We concurrently investigated the impact of EL feeding on the fecal microbiome using 16S rRNA gene sequencing on available fecal samples from 18/22 study dogs before and after 2 weeks of EL feeding. Samples from 4 dogs were not included in the analysis because of lack of sufficient fecal material in either the T1 or T2 sample in 3 dogs (2 Rs: #13, 23; 1 NR: #22) and initiation of metronidazole between T1 and T2 in 1 dog (NR; #17). The predominant bacterial phyla present in feces before EL were, in order of decreasing relative abundance, Firmicutes, Fusobacteria, Proteobacteria, Bacteroides, and Actinobacteria. This same relative ranking of bacterial prevalence was present after 2 weeks of EL. No significant difference was found in alpha diversity (Faith, Pielou's evenness or Shannon) in fecal microbiota before EL versus T2 regardless of clinical response (Table S4).

Principal coordinate analysis allowed visualization of the similarities between fecal microbial community compositions before treatment and at T2 (Figure 4).
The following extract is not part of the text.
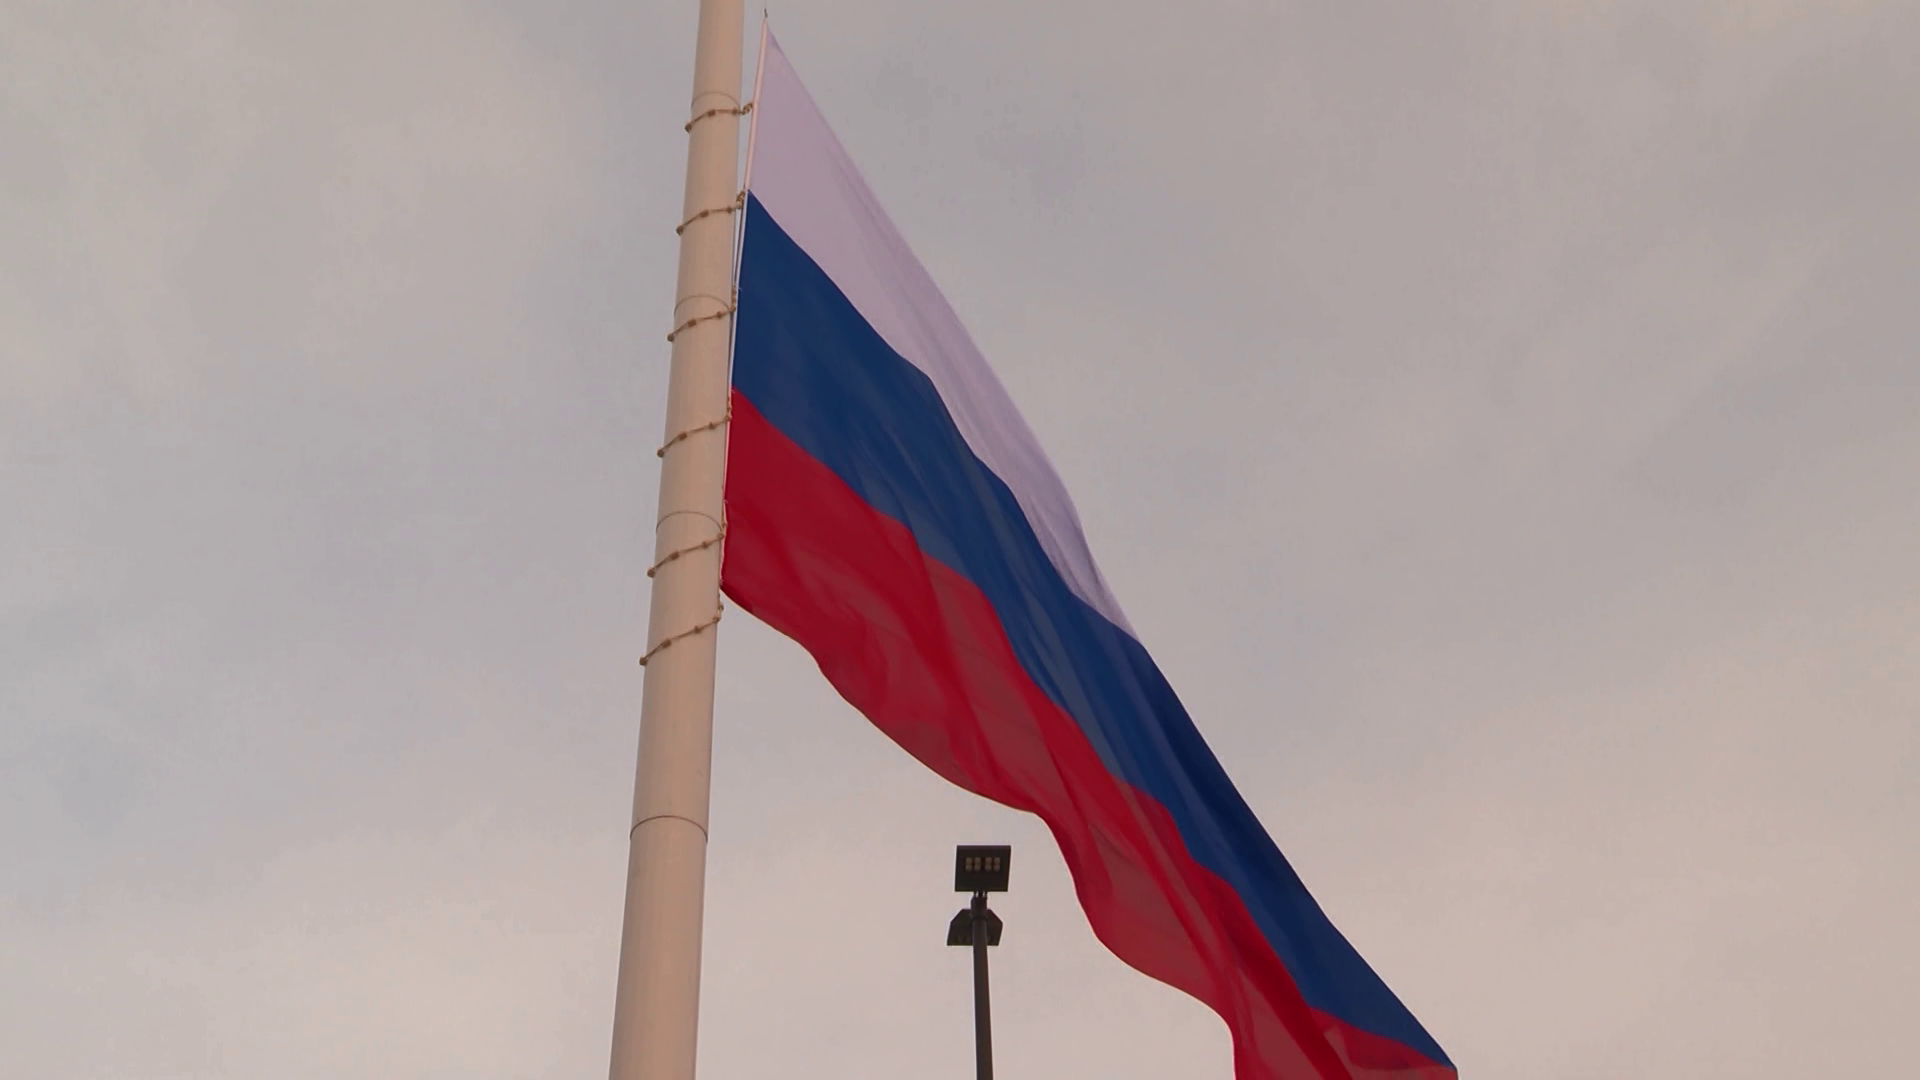 Флаг России в небе

All of the similarity metrics (unweighted and weighted UniFrac, Bray Curtis, Jaccard) indicated heterogeneity, with overlap between the before and T2 samples. The PERMANOVA testing identified significant differences in β-diversity comparing before diet to T2 samples in the 13 Rs that were not present in the 5 NRs (Table 1; Figure 5).

To identify the ASVs contributing to changes in bacterial communities, ANCOM was applied to compare pre-diet to T2 samples within the R and NR groups. Results identified a differential impact of EL feeding on the fecal microbiome of Rs compared with NRs (Figure 5). The 3 significant differences in NRs were a decrease in the phylum Tenericutes, the class Mollicutes, and the order Anaeroplasmatales (Table 2). Within the Rs, significant changes in relative abundances were seen at the phylum, class, order, family, and genus levels; these included reduced relative abundances of Bifidobacteriaceae, Lactobacillaceae, Streptococcaceae, and Desulfovibrionales (Table 2).